The federal government has not been borrowing from the central bank under the IMF programme but it is now reluctant to give a legal cover to this temporary ban, in place since July 2019. Sources said that the IMF Mission Chief Ernest Rigo last week refused to accept this demand.
The ban on borrowing from the central bank has left the government at the mercy of commercial banks that in recent week have been demanding an interest rate that is significantly higher than the key policy rate of 7.25%.
The IMF is now expected to give its final position on the proposed new amendments. The government is running against time to achieve the goal of approval of $1 billion loan tranche by December 17.
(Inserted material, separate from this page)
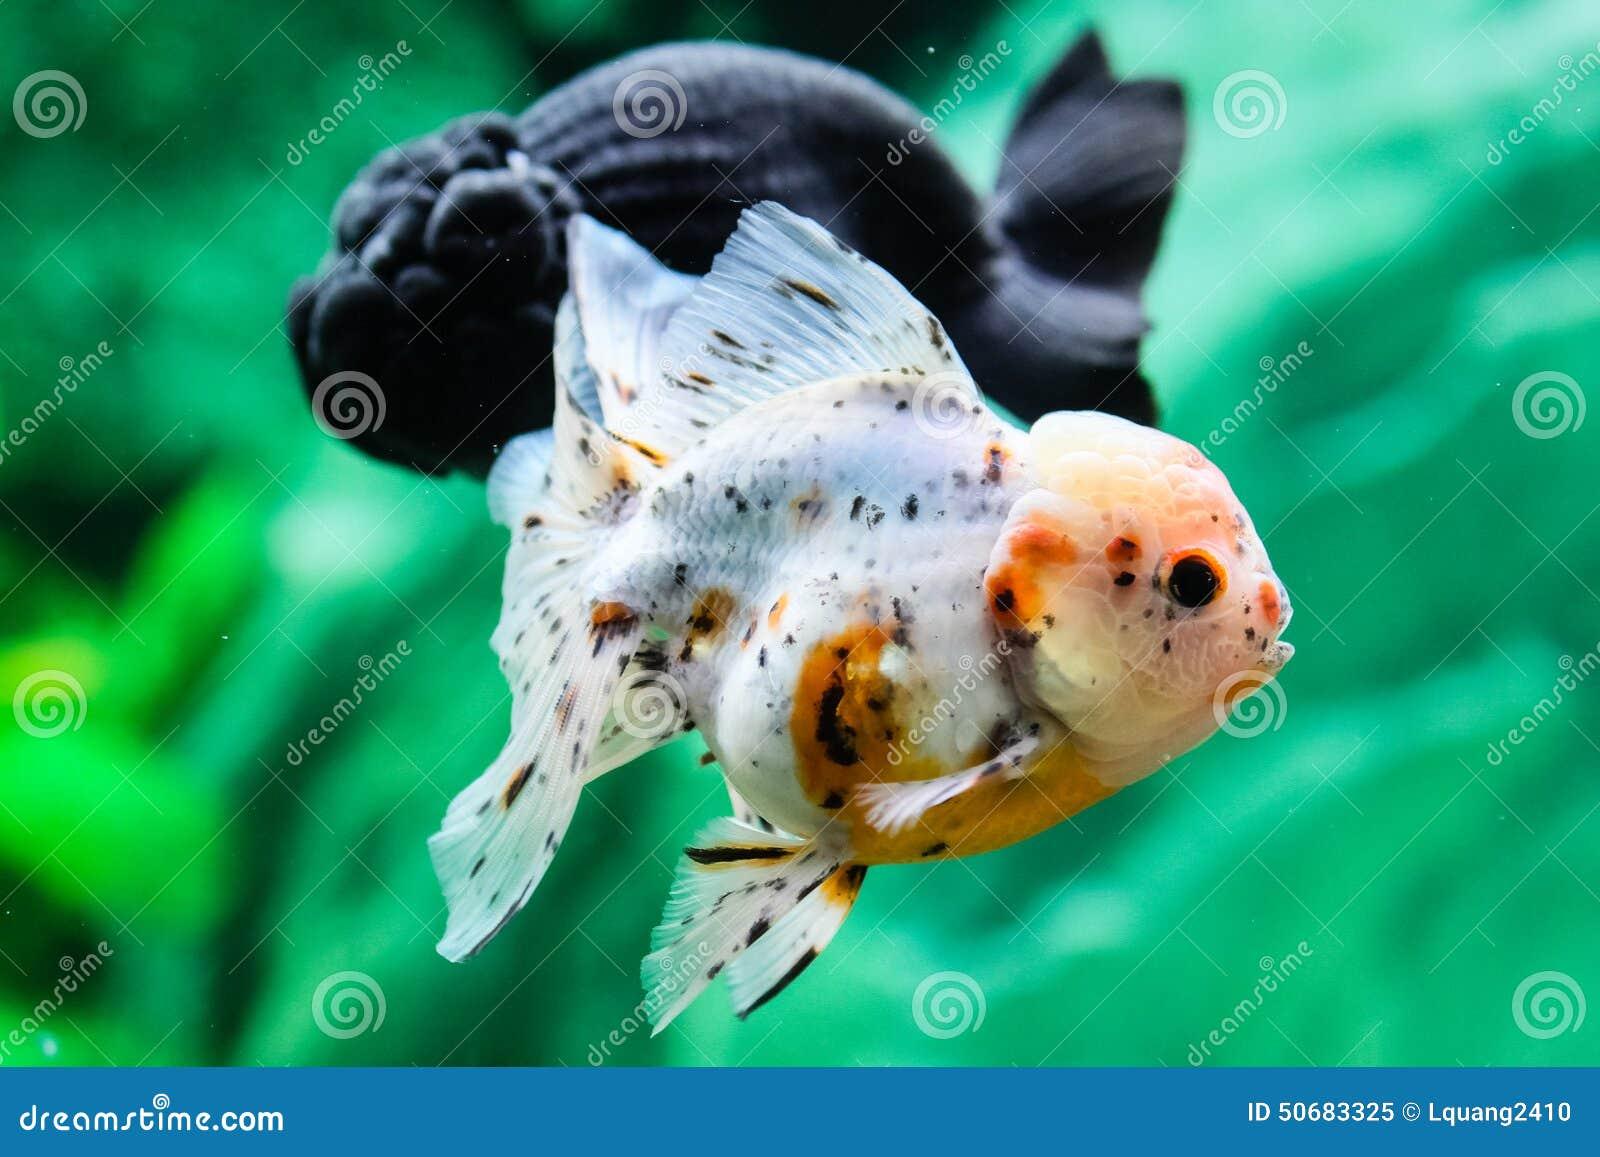 Download 关闭在水族馆的金鱼 库存图片. 图片 包括有 金子, 行动, 下落, beauvoir, 弯脚的, 本质 - 50683325

Sources said government has showed its intention to retain the Monetary and Fiscal Policies
Coordination Board, which is an important statutory forum to align the monetary and fiscal policies of the country. As per the approved bill, the government had earlier agreed to abolish this board.
Sources said the government now also wanted to retain the finance secretary on the board of the central bank, which it earlier had agreed to withdraw.
The approval of the amendment bill was the condition that was hampering a deal between Pakistan and the IMF for $1 billion loan tranche, Tarin revealed last week.
Last week, the law minister had told the IMF about clauses that the federal cabinet had approved as part of attempts to give absolute autonomy without accountability but were unconstitutional provisions.
These are related to a mechanism for removal of the SBP governor, allowing him to appear before parliament by bypassing Finance Division, giving absolute immunity to the governor, and others from any kind of investigation and limiting parliament’s powers to amend the SBP law in the future.